La società verificata ha infatti "prestato" la propria certificazione di idoneità alla società torinese che ha eseguito invece per intero l'opera. L’Ente ha così corrisposto denaro pubblico per oltre dieci milioni di euro alla società vercellese dietro presentazione di fatture false, non avendo mai eseguito alcun tipo di lavoro, nonostante avesse pattuito con la PA la realizzazione del 52% dell'ammontare dei lavori, del complessivo valore di oltre venti milioni di euro.
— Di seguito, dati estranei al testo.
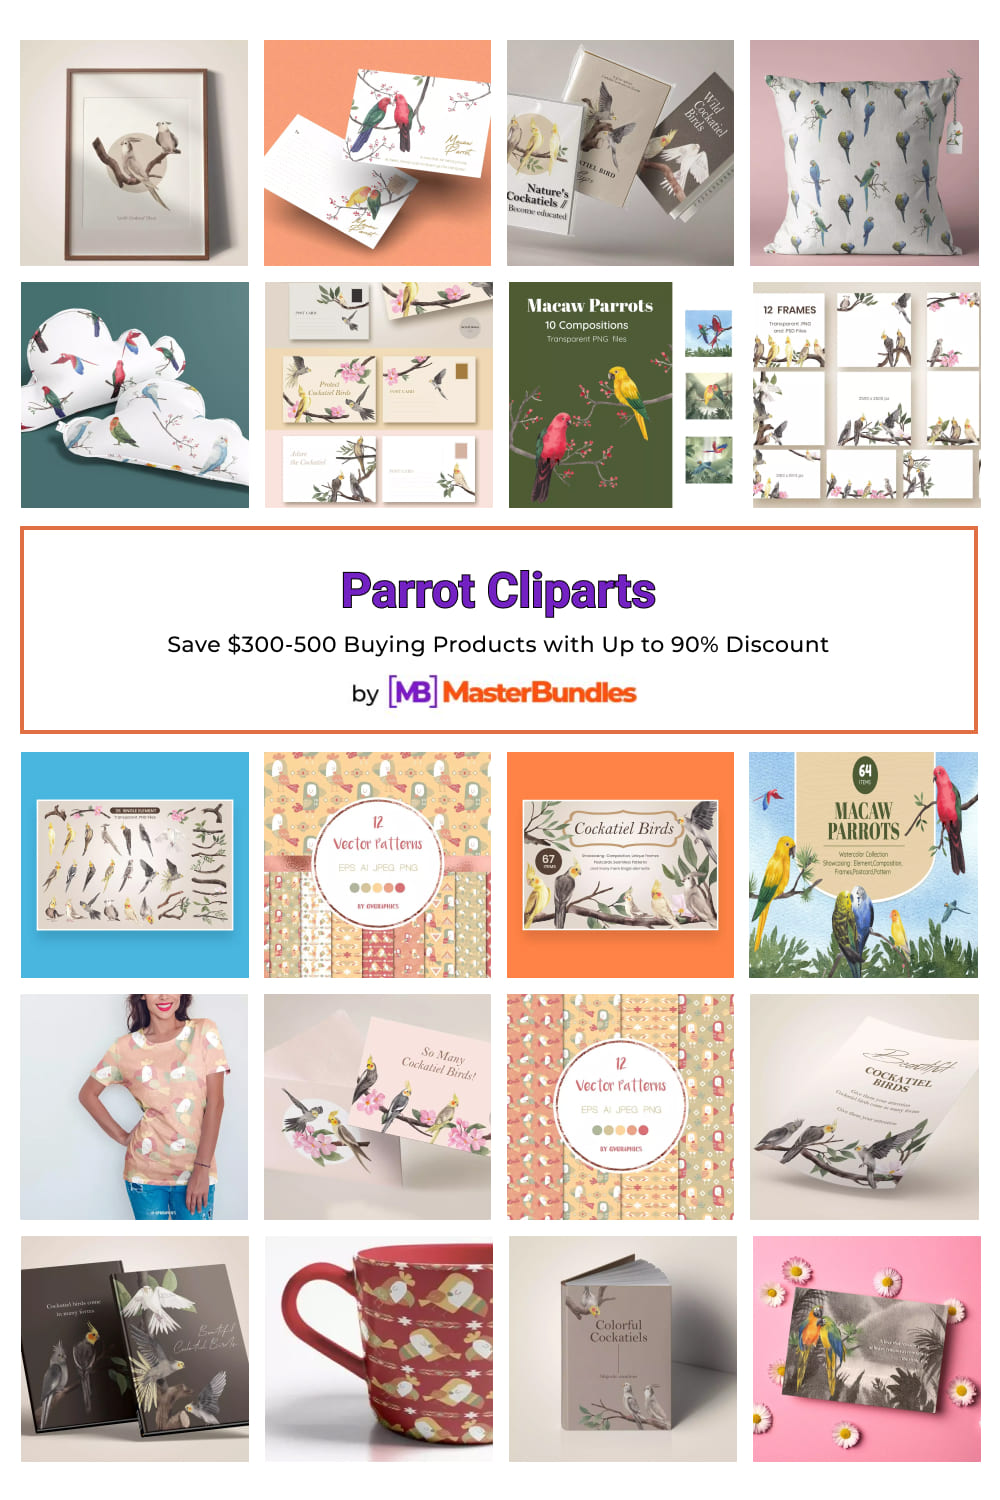 Parrot Cliparts for Pinterest.

Inoltre, la società verificata si é tenuta indenne, in forza dell'accordo "occulto", da eventuali risultati economici negativi della commessa.
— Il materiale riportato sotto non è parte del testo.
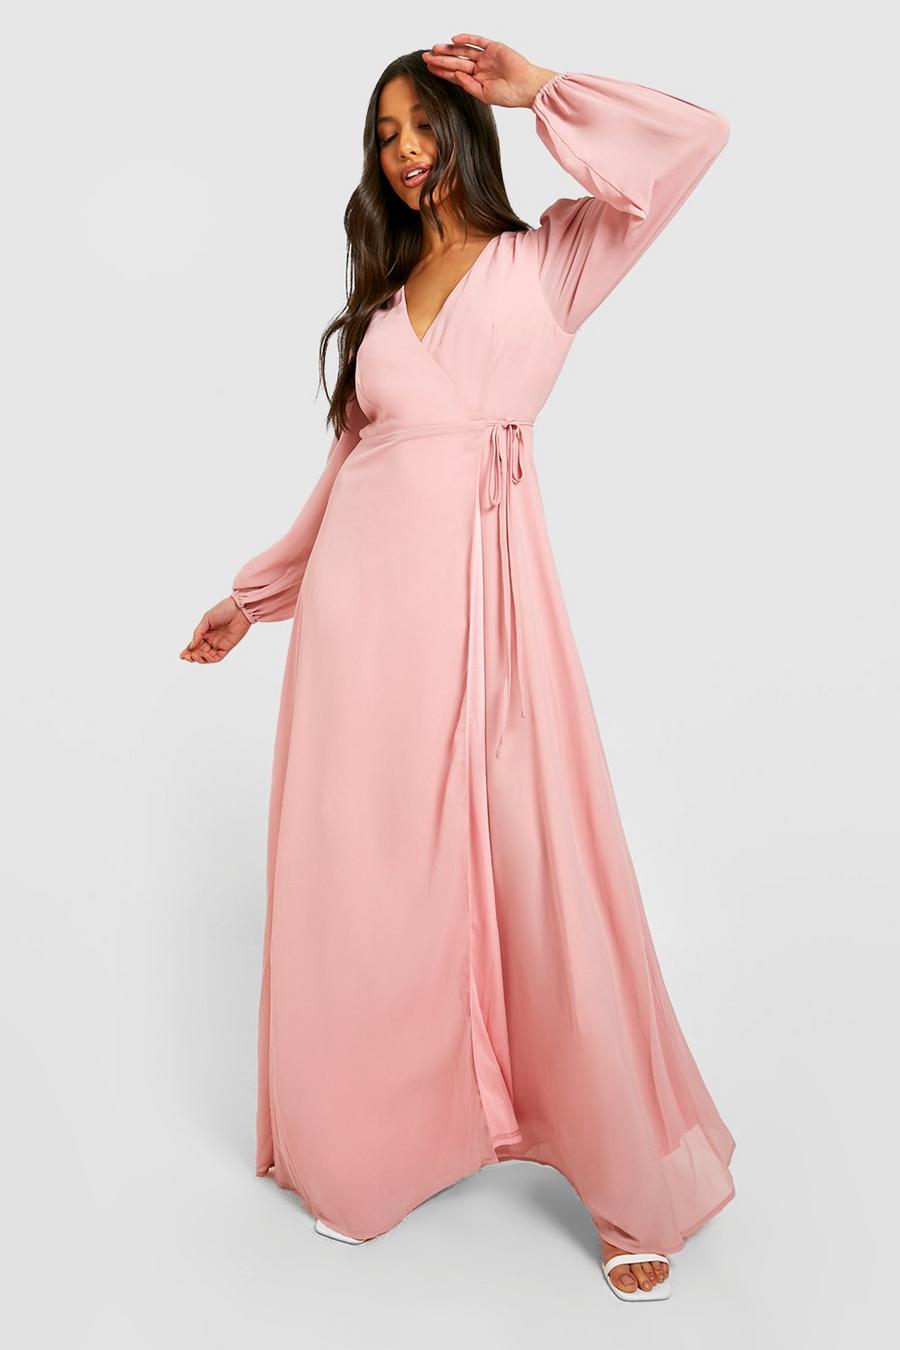 Blush pink Chiffon Bridesmaid Long Sleeve Wrap Dress

Quale compenso per gli illeciti servizi resi la società vercellese ha percepito dalla consorziata torinese una percentuale sull’intera opera denominata contrattualmente “sponsor fee”.

Ma le sorprese per gli investigatori non erano ancora finite!

E’ stato infatti constatato che un imprevisto geologico costituito dalla natura franosa del terreno su cui venivano realizzati i lavori aveva determinato l’impiego di una notevole quantità di speciali resine sintetiche e barre metalliche necessarie per rinforzare il sito con conseguente incremento dei costi di realizzazione.

L' attento esame di tutti i documenti di trasporto dei materiali impiegati per l'esecuzione dell'opera ha consentito di accertare che i prodotti impiegati erano quantitativamente inferiore a quello indicato in fattura ed illecitamente liquidato dal Direttore dei Lavori a favore dell’impresa realizzatrice in danno della Pubblica Amministrazione appaltante.

I dubbi dei finanzieri venivano poi definitivamente risolti nel momento in cui veniva effettuato il riscontro sul quantitativo di materiale impiegato direttamente presso le ditte fornitrici, le quali esibivano fatture e documenti di trasporto per importi decisamente inferiori rispetto a quelli contabilizzati dall’impresa e pagati con denaro pubblico.

Veniva pertanto scoperto che non erano mai “entrati” nel cantiere oltre due chilometri e mezzo di barre metalliche e circa centodieci tonnellate di speciali resine chimiche per un valore commerciale pari ad oltre 1.250.000 circa!

La società, preso atto dei rilievi mossi dai finanzieri, ha riconosciuto l’errore ed ha prudentemente deciso di restituire, indagini durante, la consistente somma di 1.125.000 euro circa alla stazione appaltante.

Per gli aspetti relativi alle condotte truffaldine sopra indicate le indagini sono state coordinate dalla Procura della Repubblica di Torino.

I quattro responsabili delle aziende coinvolte sono stati denunciati alla Procura della Repubblica di Torino per truffa aggravata ai danni dello Stato.